NewPartition->OnlinePartition
首先将Leader副本和ISR集合写入到ZK中，这里会将分区的AR集合中的第一个可用的副本选举为Leader副本，并将分区的所有可用副本作为ISR集合。之后，向所有可用的副本发送LeaderAndISRRequest，指导这些副本进行Leader/Follower的角色切换，并向所有可用的Broker发送UpdateMetadataRequest来更新其上的MeatadataCache。
OnlinePartition/OfflinePartition->OnlinePartition
为分区选择新的 Leader副本和ISR集合，并把结果写入ZK中，之后，向所有可用的副本发送LeaderAndISRRequest，指导这些副本进行Leader/Follower的角色切换，并向所有可用的Broker发送UpdateMetadataRequest来更新其上的MeatadataCache。
NewPartition/OnlinePartition->OnlinePartition
只进行状态转换，并没有其他操作。
OfflinePartition->NonExistentPartition
只进行状态转换，并没有其他操作。

class PartitionStateMachine(controller: KafkaController) extends Logging {
  private val controllerContext = controller.controllerContext //维护KafkaController的上下文信息。
  private val controllerId = controller.config.brokerId
  private val zkUtils = controllerContext.zkUtils //ZK的客户端，与zk进行交互。
  private val partitionState: mutable.Map[TopicAndPartition, PartitionState] = mutable.Map.empty//记录每个分区对应的ParititionState状态。
  private val brokerRequestBatch = new ControllerBrokerRequestBatch(controller)//对于向指定的Broker批量发送请求。
  private val hasStarted = new AtomicBoolean(false)
  private val noOpPartitionLeaderSelector = new NoOpLeaderSelector(controllerContext)//默认的Leader副本选举类器，集成了PartitionLeaderSelector。noOpPartitionLeaderSelector其实没有实现真正的Leader选举，只是返回当前leader副本、isr集合和AR集合。
  private val topicChangeListener = new TopicChangeListener()//Zookeeper监听器，监听Topic变化。
  private val deleteTopicsListener = new DeleteTopicsListener()//Zookeeper监听器，监听Topic删除。
  private val partitionModificationsListeners: mutable.Map[String, PartitionModificationsListener] = mutable.Map.empty
}

PartitionStateMachine在启动时会对partitionState进行初始化，并调用triggerOnlinePartitionStateChange()方法把NewPartition和OfflinePartition和OfflinePartition状态的分区转换成Online状态。

  def startup() {
    // initialize partition state
    initializePartitionState()
    // set started flag
    hasStarted.set(true)
    // try to move partitions to online state
    triggerOnlinePartitionStateChange()

    info("Started partition state machine with initial state -> " + partitionState.toString())
  }
  private def initializePartitionState() {
      //遍历集群中的所有分区
    for((topicPartition, replicaAssignment) <- controllerContext.partitionReplicaAssignment) {
      // check if leader and isr path exists for partition.
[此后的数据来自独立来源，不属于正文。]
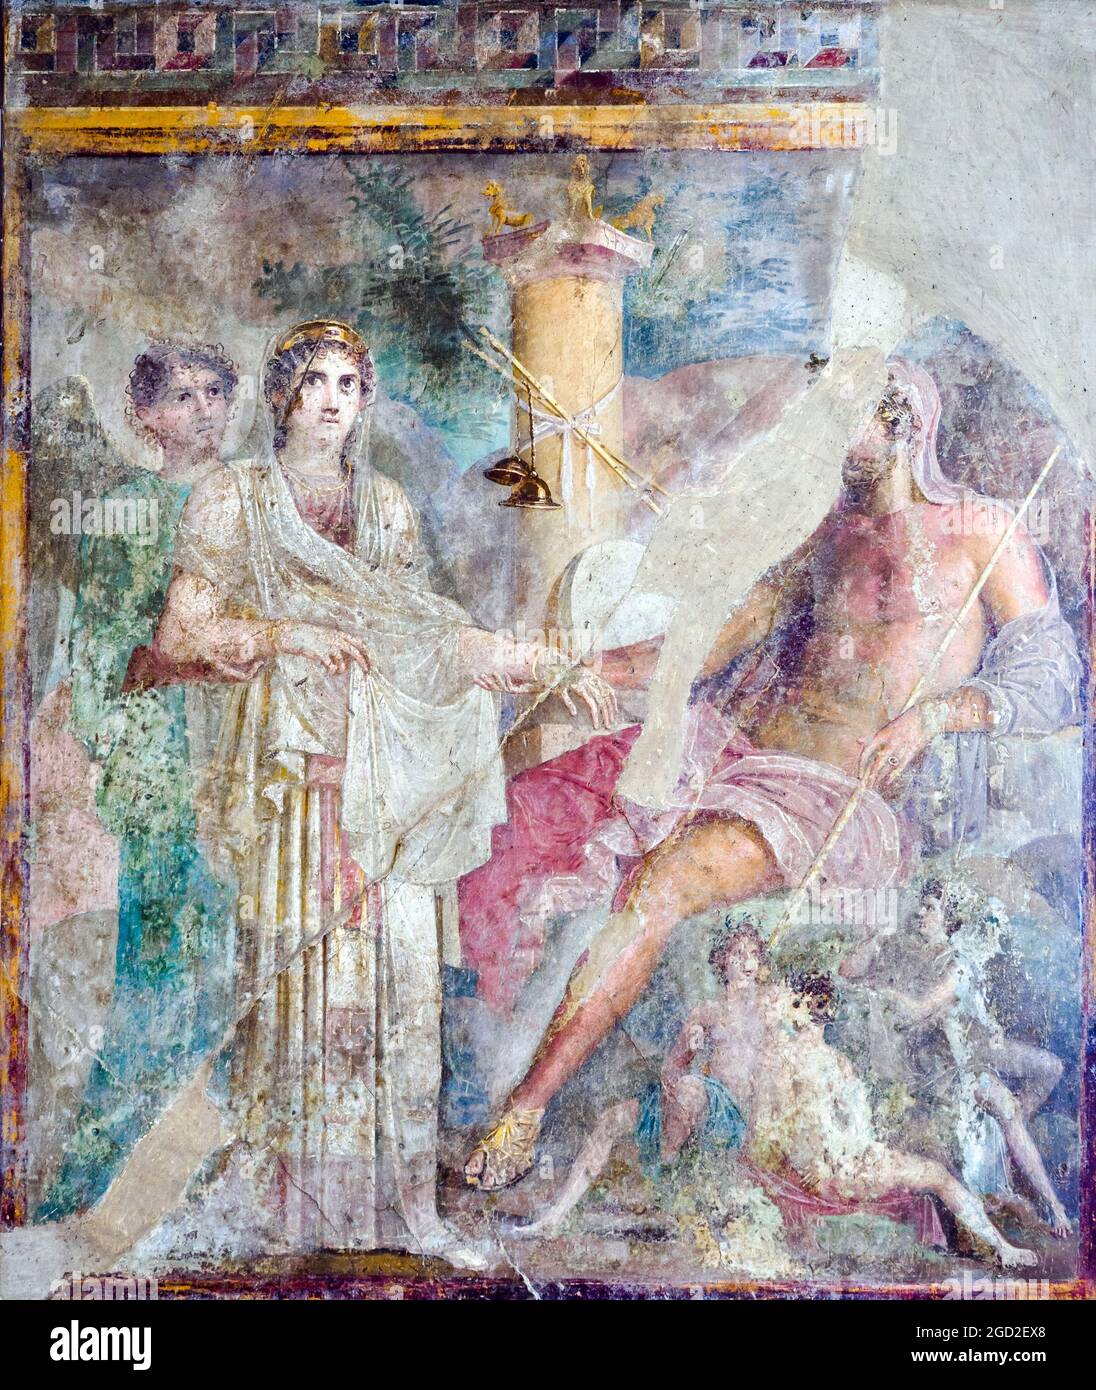 Hierogamia Boda Divina entre Hera y Zeus, en presencia de Iris y en medio de personificaciones del fresco renovado de la naturaleza Pompeya, Casa del Poeta Tragico (Casa del poeta trágico) 45-79 d.C. Foto de stock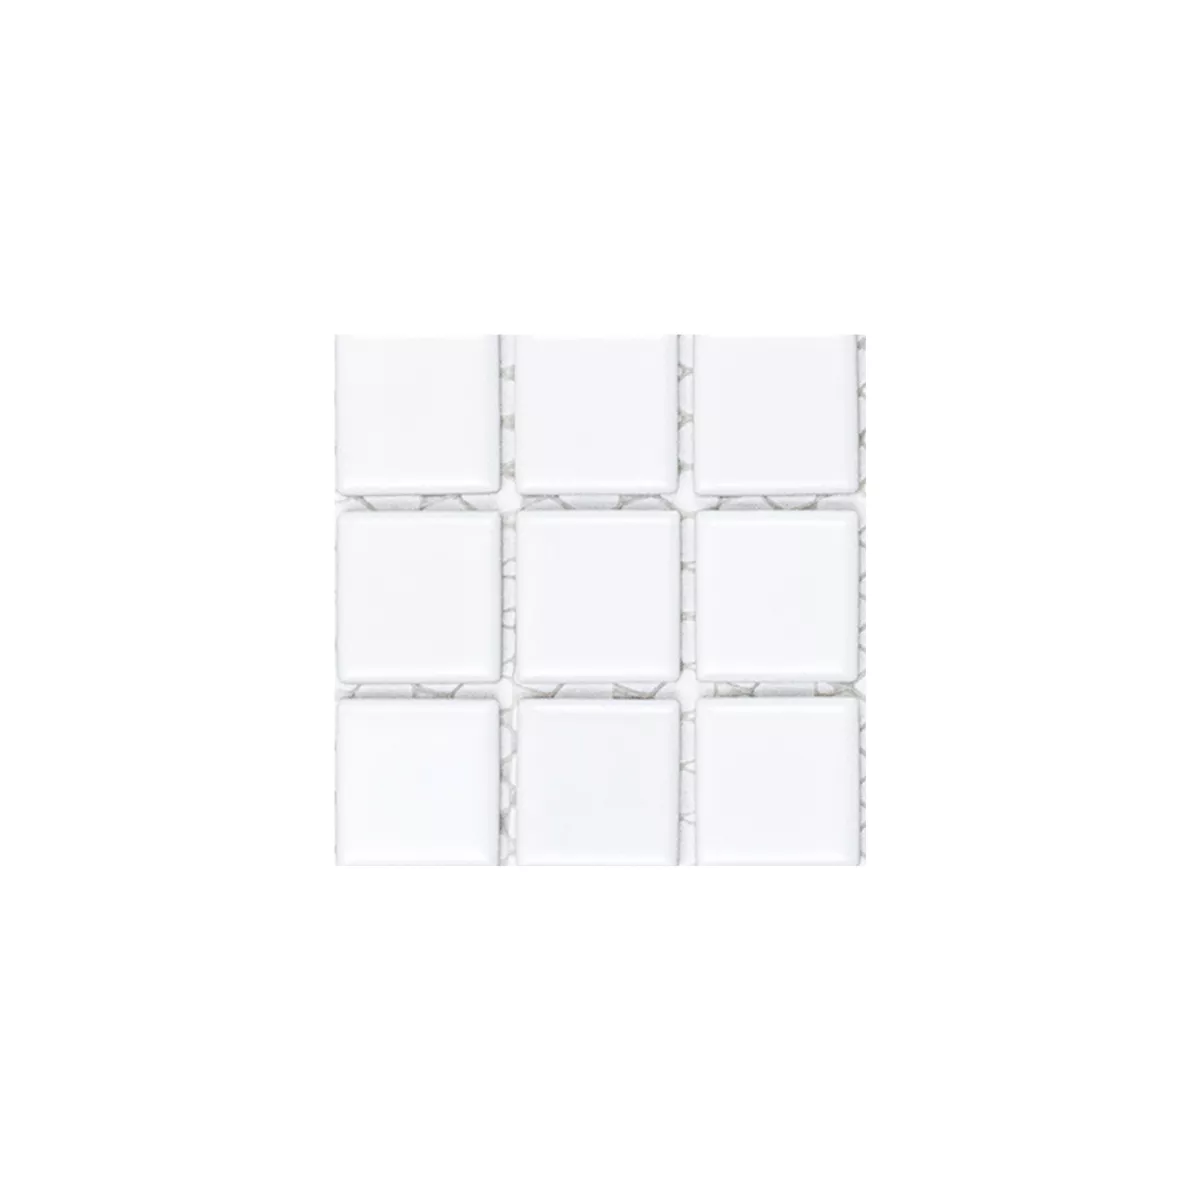 Sample Mosaic Tiles Ceramic White Mat

If not, then it is in NEW state
      controllerContext.partitionLeadershipInfo.get(topicPartition) match {
        case Some(currentLeaderIsrAndEpoch) =>//存在Leader副本和ISR集合的信息
          // else, check if the leader for partition is alive. If yes, it is in Online state, else it is in Offline state
          controllerContext.liveBrokerIds.contains(currentLeaderIsrAndEpoch.leaderAndIsr.leader) match {
              // Leader副本所在的Broker可用，初始化为OnlinePartition状态
            case true => // leader is alive
              partitionState.put(topicPartition, OnlinePartition)
              // Leader副本所在的Broker不可用，初始化为OnlinePartition状态
            case false =>
              partitionState.put(topicPartition, OfflinePartition)
          }
          // 没有Leader副本和ISR集合的信息
        case None =>
          partitionState.put(topicPartition, NewPartition)
      }
    }
  }

PartitionStateMachine.handleStateChange()方法是管理分区状态的核心方法，该方法控制着PartitionState的转换。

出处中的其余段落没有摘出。